A Former Mexican Official Accused The Government Of Making Up Homicide Rates

According to a former state attorney general, the ruling party ordered states where they're in charge to report lower murder rates.

MEXICO CITY — A former state attorney general in Mexico has claimed that former secretary of the interior Miguel Ángel Osorio Chong ordered authorities to report lower homicide rates.

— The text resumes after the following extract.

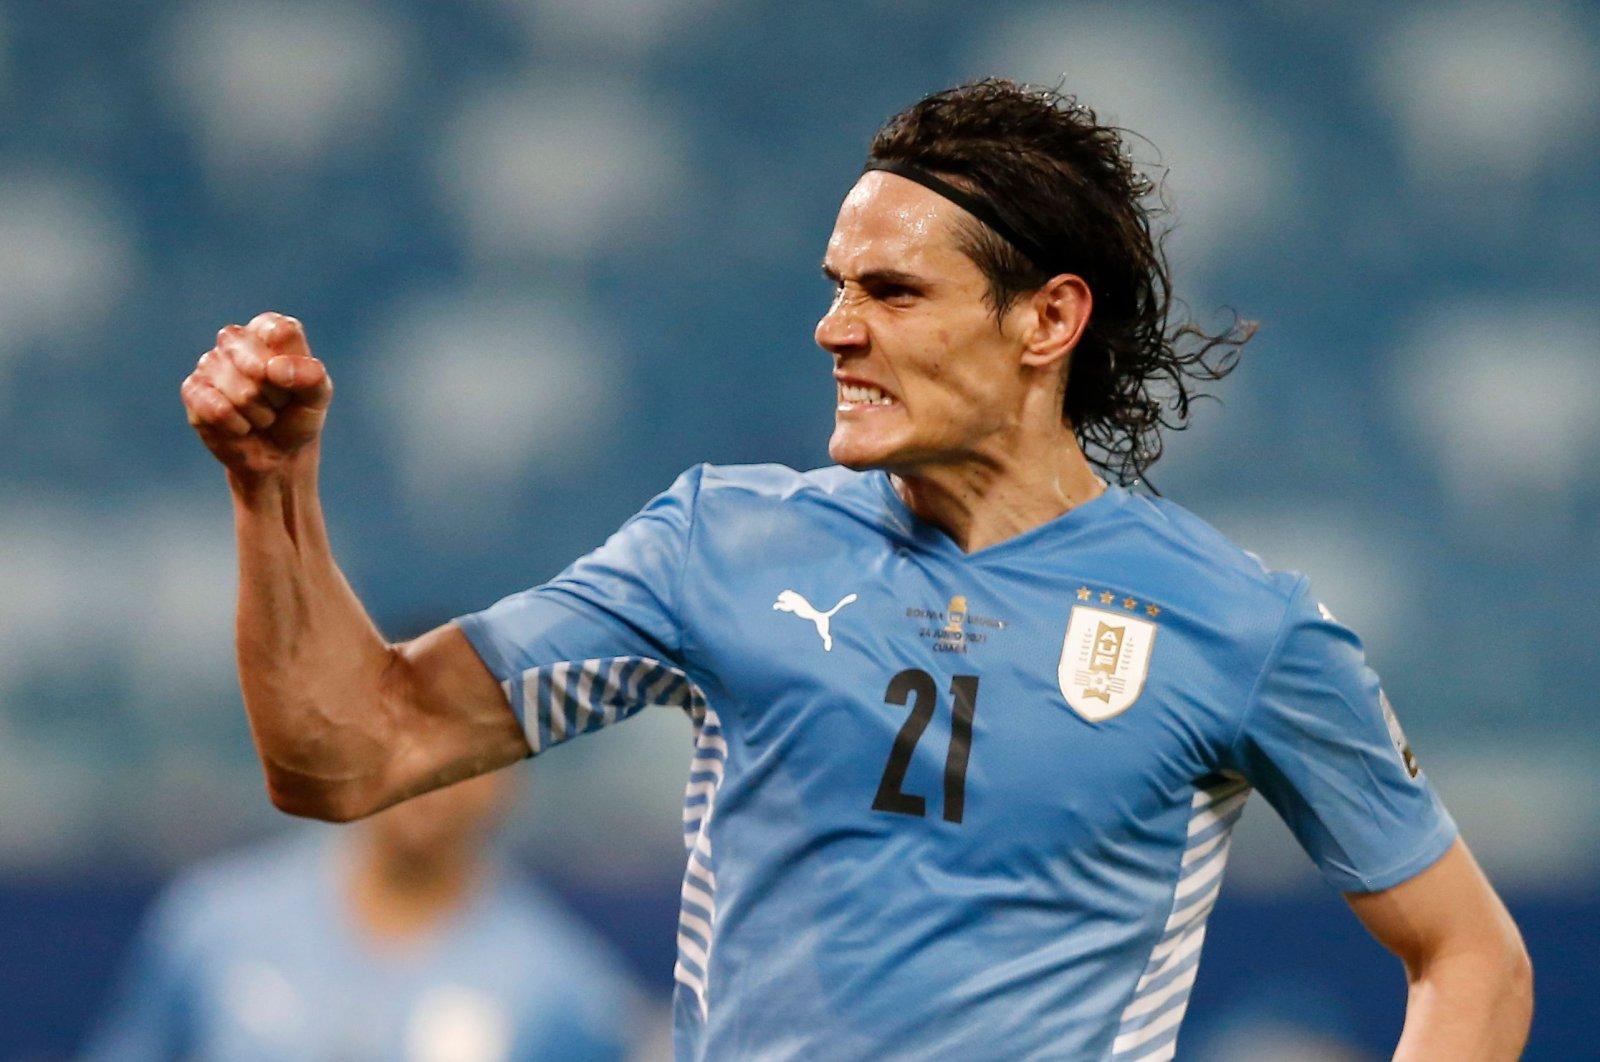 Uruguay's Edison Cavani celebrates scoring his team's second goal in a Copa America Group A match against Bolivia, Cuiaba, Brazil, June 24, 2021. (Reuters Photo)

Osorio Chong, who served in his role from 2012 until earlier this year, “gave precise instructions to the areas that manage crime statistics to manipulate information,” Juan Miguel Alcántara, former attorney general of Guanajuato State, said during an interview with Zona Franca, a digital news outlet, on Thursday.

Alcántara said the order targeted states governed by the Revolutionary Institutional Party, or PRI, which President Enrique Peña Nieto belongs to, and were limited to homicide and kidnapping numbers. Alcántara did not provide evidence or reveal the names of the prosecutors who supposedly told him about Osorio Chong’s orders.

Alcántara did not immediately respond to a BuzzFeed News request for comment.

Mexico’s homicide rate reached record levels in 2017, with nearly 30,000 murders. That number surpassed the murder rate at the peak of the drug war during the previous administration.

In January, Alcántara accused the Ministry of Finance of trying to convince the authors of a report on the governments’ fight against money laundering to “soften” the results, according to Proceso, an investigative magazine.

Alcántara, who works as a lawyer for a private practice in Guanajuato, was a legislator for the rival National Action Party, or PAN, serving two terms between 1988 and 1997. The PAN, through an alliance with several left-leaning parties, is ahead of the PRI in the polls for July’s presidential election.

Alcántara also served as the head of the Executive Secretariat of Public Safety, or SNSP, the office in charge of collecting crime statistics from the country’s 32 states from 2009 until 2011.

“A statement of this nature is always going to be political because if you have knowledge of this issue, you file a complaint, you don’t make a statement,” said Francisco Rivas, director of the National Citizens Observatory. Still, it is widely known that statistics from the states are “imprecise,” Rivas added.

The secretary of the interior did not respond to a request for comment from BuzzFeed News. Roberto Femat, a spokesperson for Osorio Chong, said that the accusation “is not real.”

“He doesn’t have to deny something that is a lie.”

Osorio Chong left his position to join the presidential campaign of José Antonio Meade, the PRI’s candidate, earlier this month.